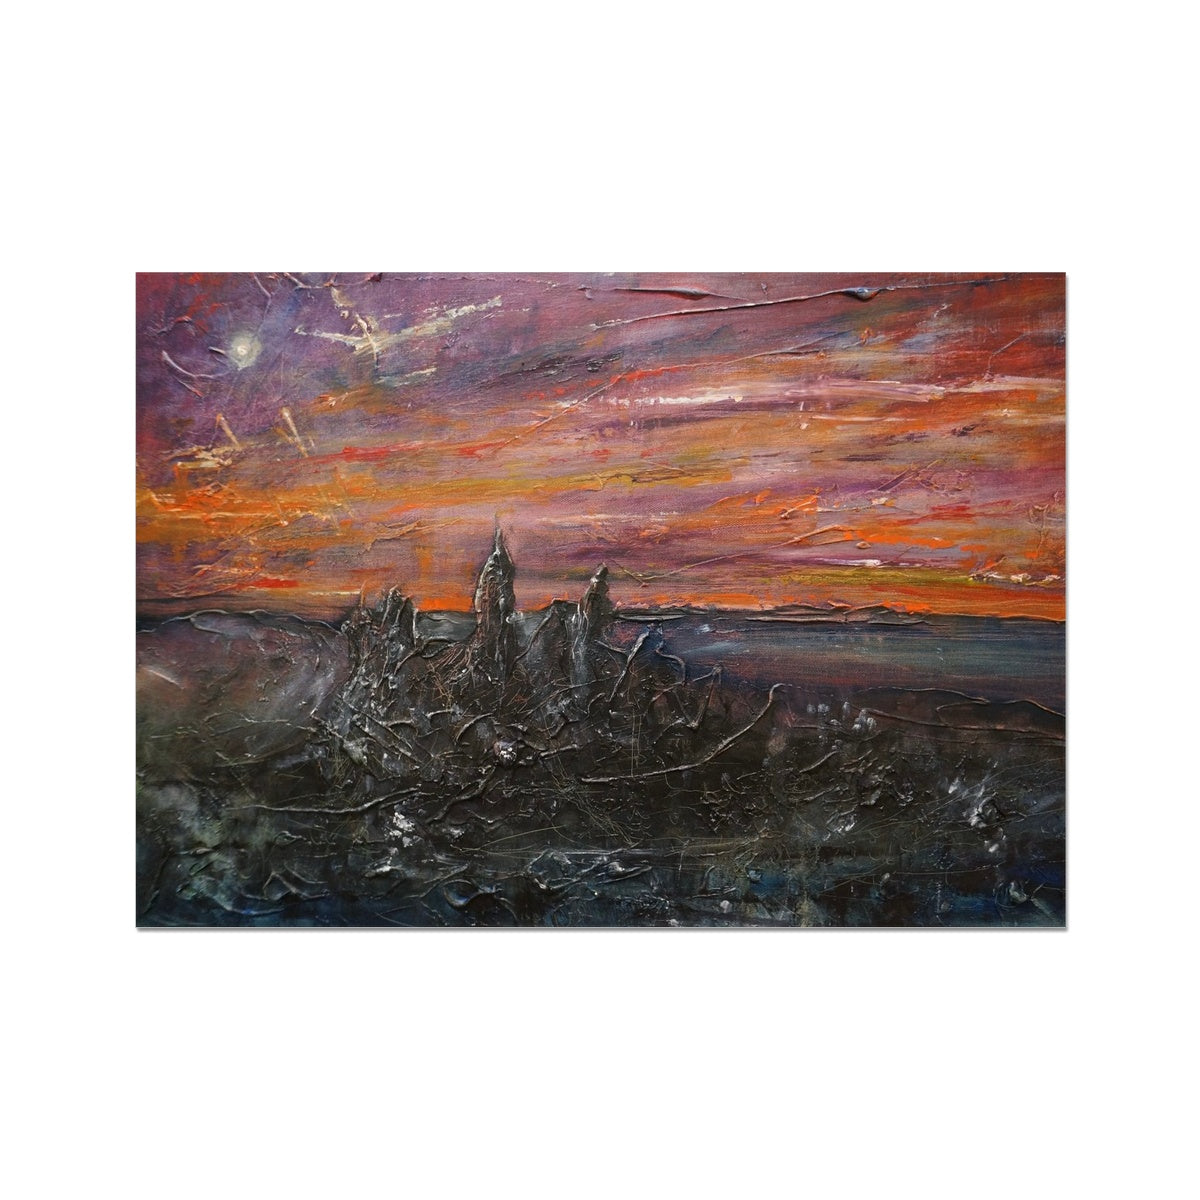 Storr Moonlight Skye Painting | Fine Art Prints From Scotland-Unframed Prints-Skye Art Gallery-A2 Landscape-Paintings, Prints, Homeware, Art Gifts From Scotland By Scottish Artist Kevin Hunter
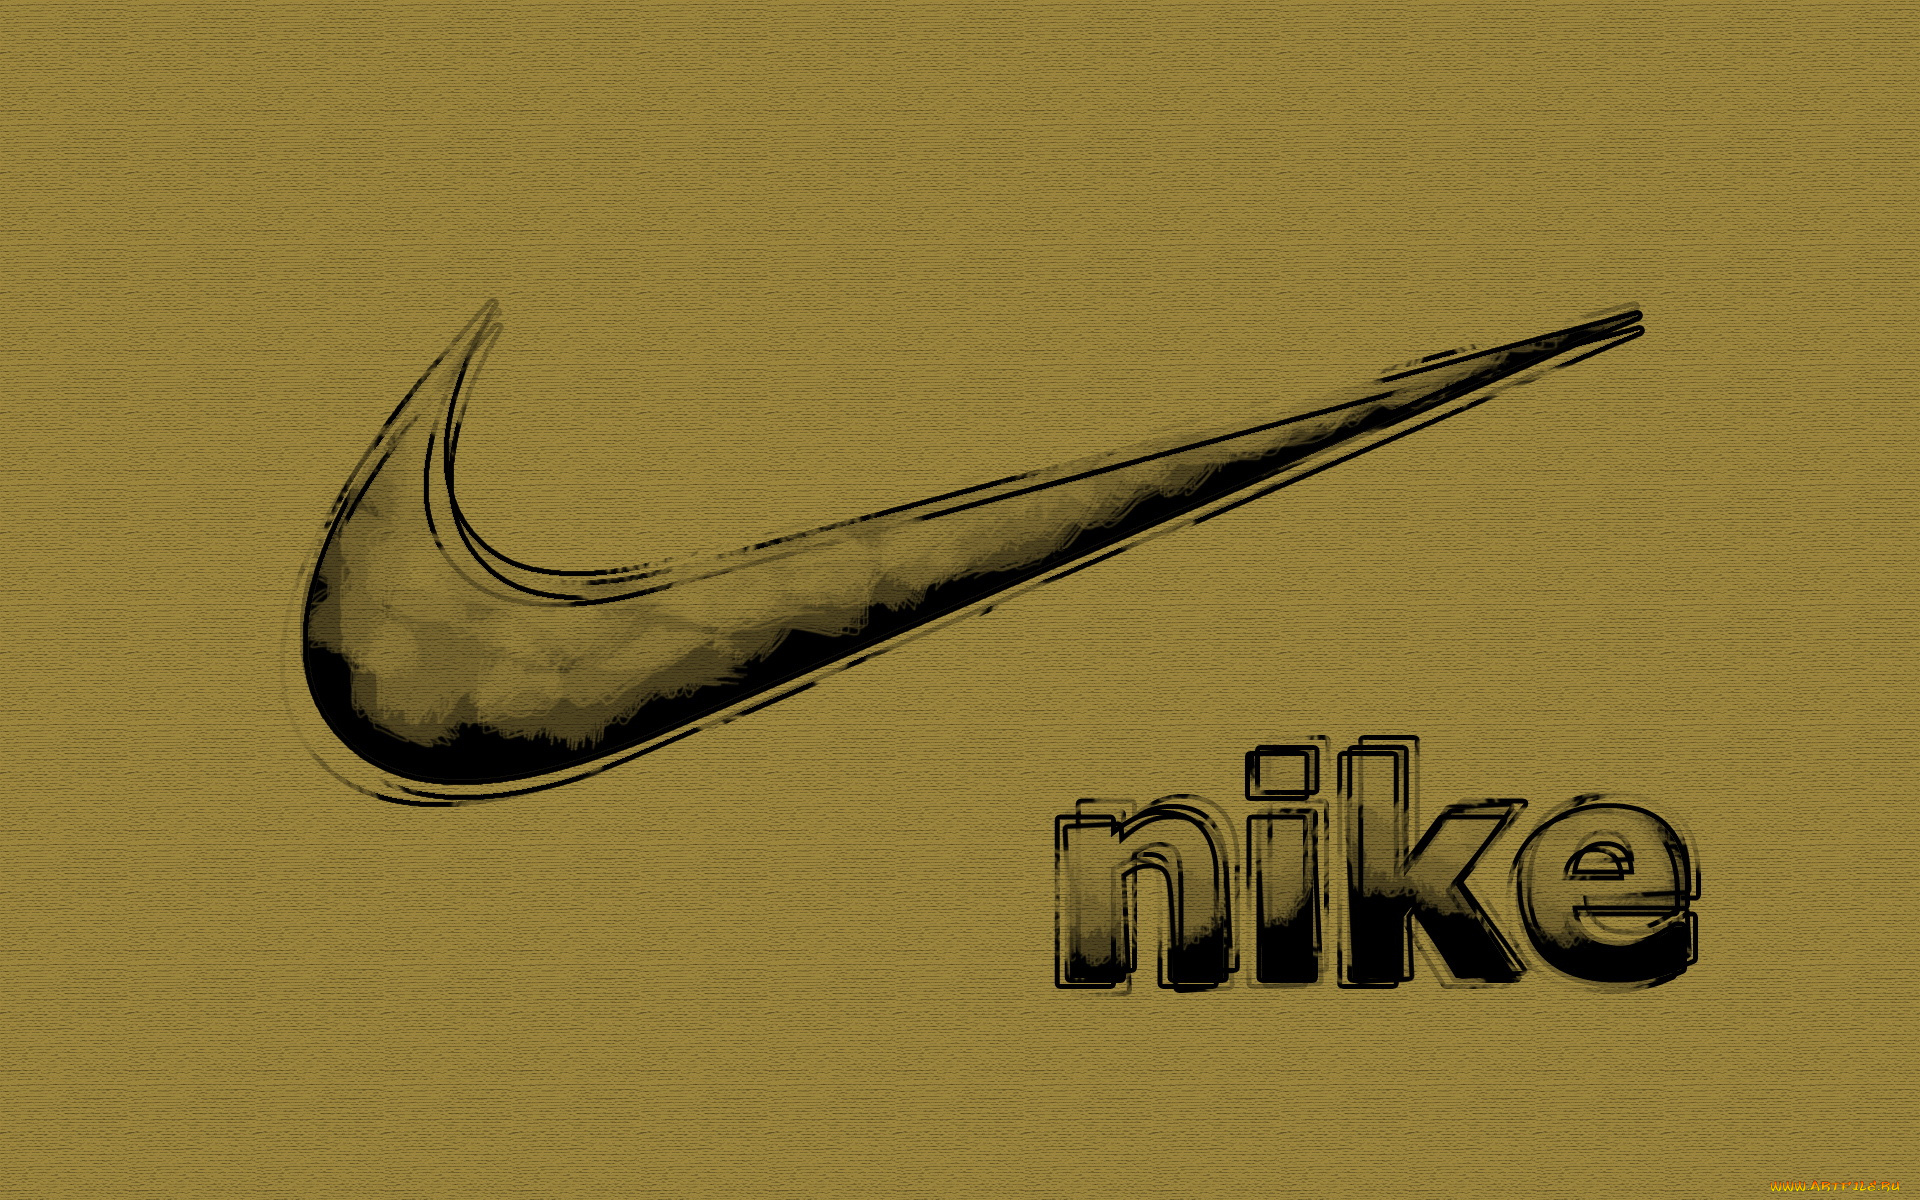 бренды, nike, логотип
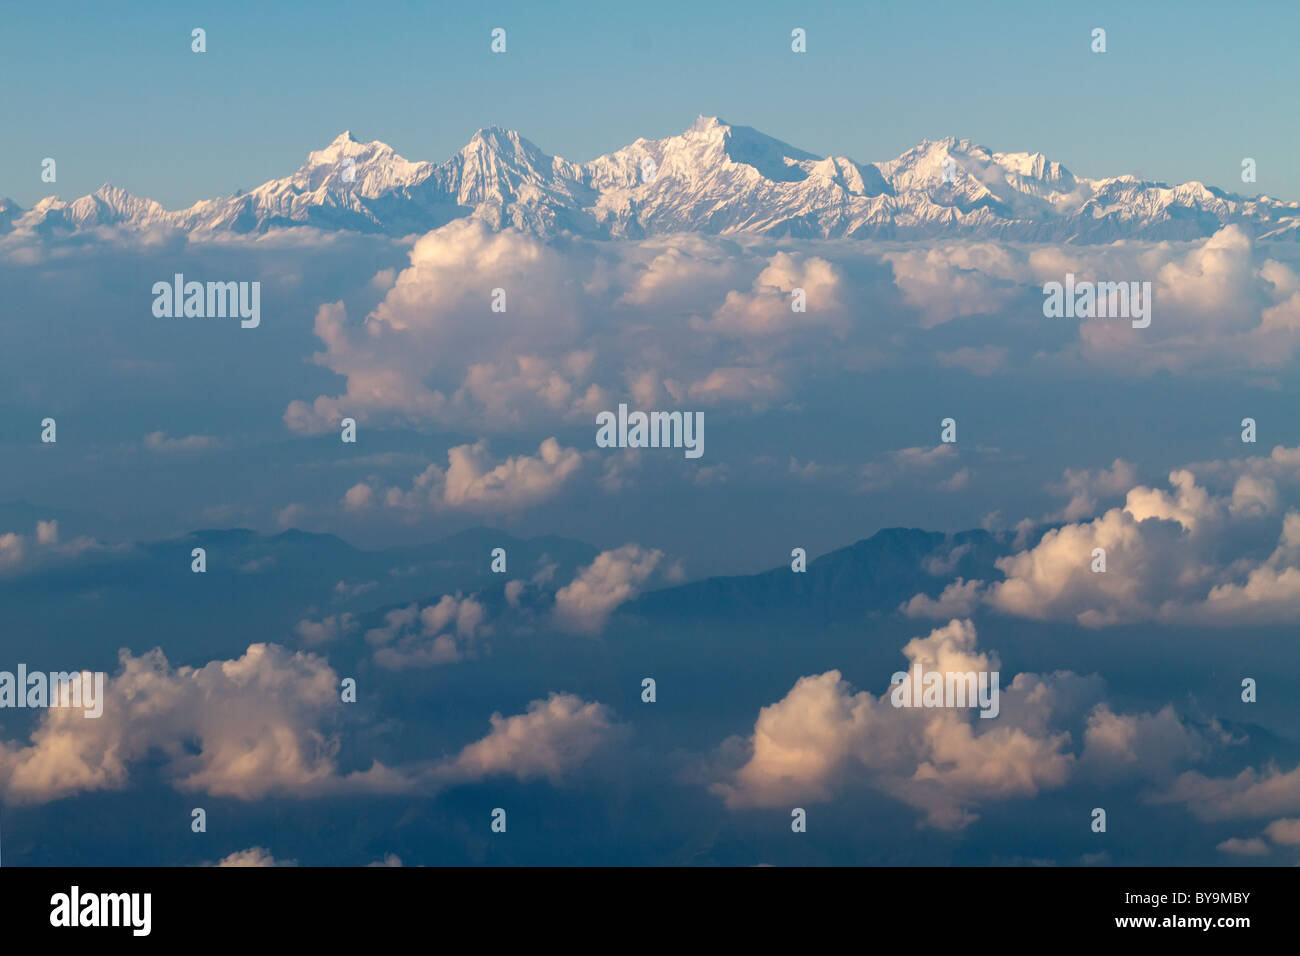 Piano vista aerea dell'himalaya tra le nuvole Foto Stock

Assignment
What is needed here is each line above set down word for word, minus the images.

Task output
 Storr Moonlight Skye Painting | Fine Art Prints From Scotland-Unframed Prints-Skye Art Gallery-A2 Landscape-Paintings, Prints, Homeware, Art Gifts From Scotland By Scottish Artist Kevin Hunter
 бренды, nike, логотип
 Piano vista aerea dell'himalaya tra le nuvole Foto Stock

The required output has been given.